Salman Rushdie: no regrets
Talk about Banned Books Week. Just at the moment, it's hard to imagine a title more uncomfortable or more controversial than "The Jewel of Medina," the story of A'isha, child bride of the prophet Mohammed, by American author Sherry Jones.
In August, Random House, the book's original US publisher, decided not to publish out of fear of reprisals from Muslim extremists. But controversial Dutch publisher, Martin Rynja of Gibson Square Books (publisher of such books as "House of Bush, House of Saud," O.J. Simpson's "If I Did It," and "Blowing Up Russia by Alexander Litvinenko) said that he would go forward with a release of "The Jewel of Medina" in the UK.

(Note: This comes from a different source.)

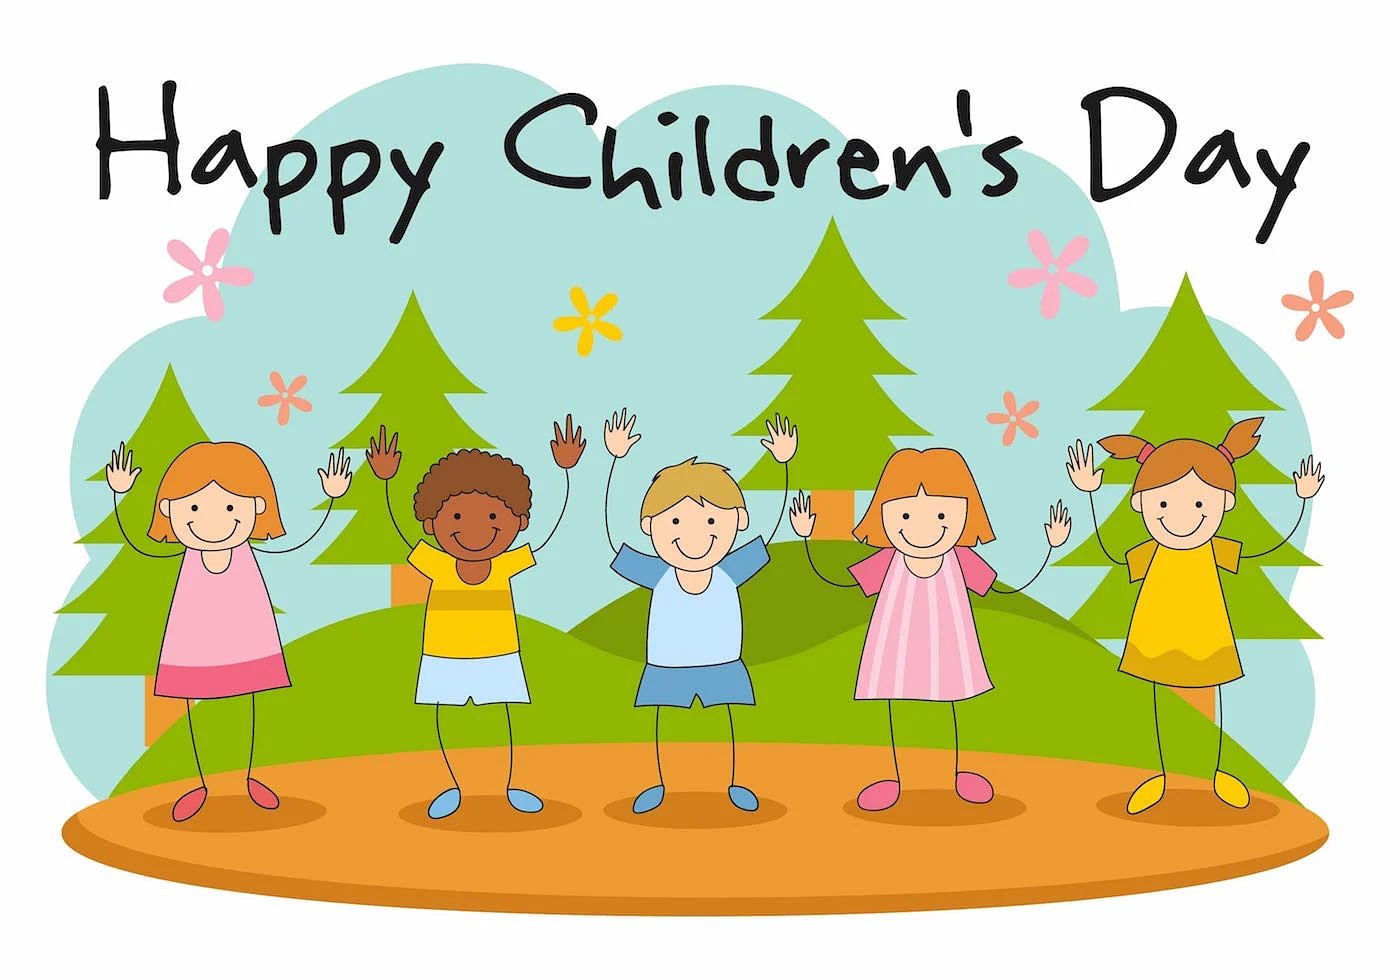 Happy Children's Day 2021 Theme, History And Significance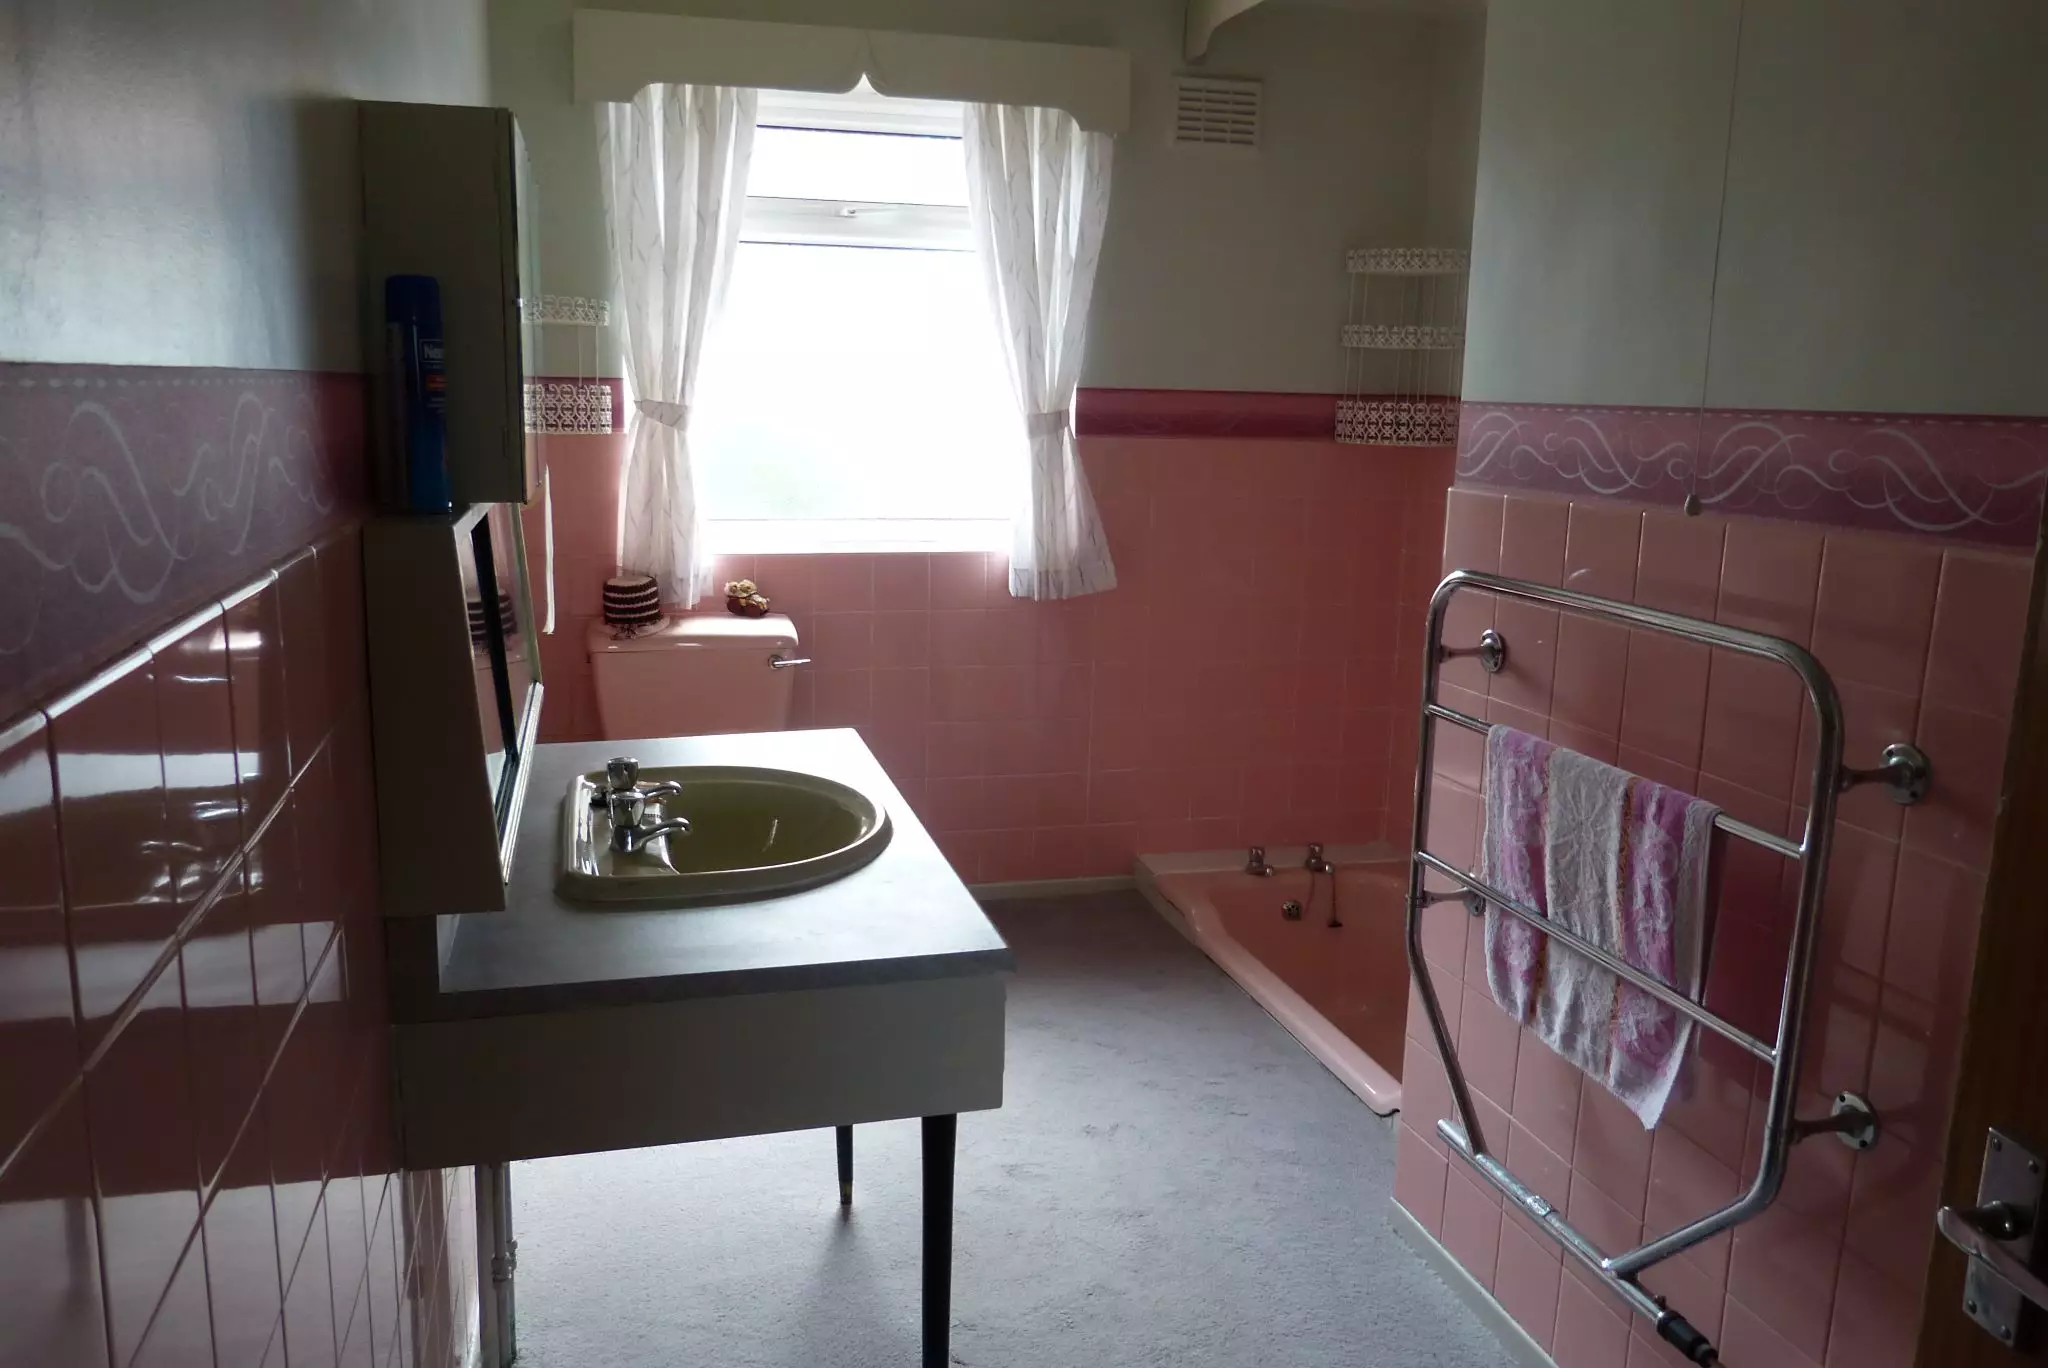 The bathroom features a pink suite and sunken bath.

Then, this weekend there was a firebomb attack on Rynja's North London home. According to thebookseller.com, the book's publication in the UK is now in "suspended animation" following the weekend attack.
Into the fray steps Salman Rushdie. In an interview with Australian broadcaster Clive James, he is reported to have said that he has no regrets about having written "The Satanic Verses," despite the 10 years he spent living in hiding after having done so.
"The question of do we have agency in our lives or whether we are just passive victims of events is, I think, a great question and one that I have always tried to ask," said Rushdie in comments published on James's website. "In that sense I wouldn't not have wanted to be the writer that asked it."
"The Jewel of Medina" is still scheduled for release in the US by Beaufort on October 15.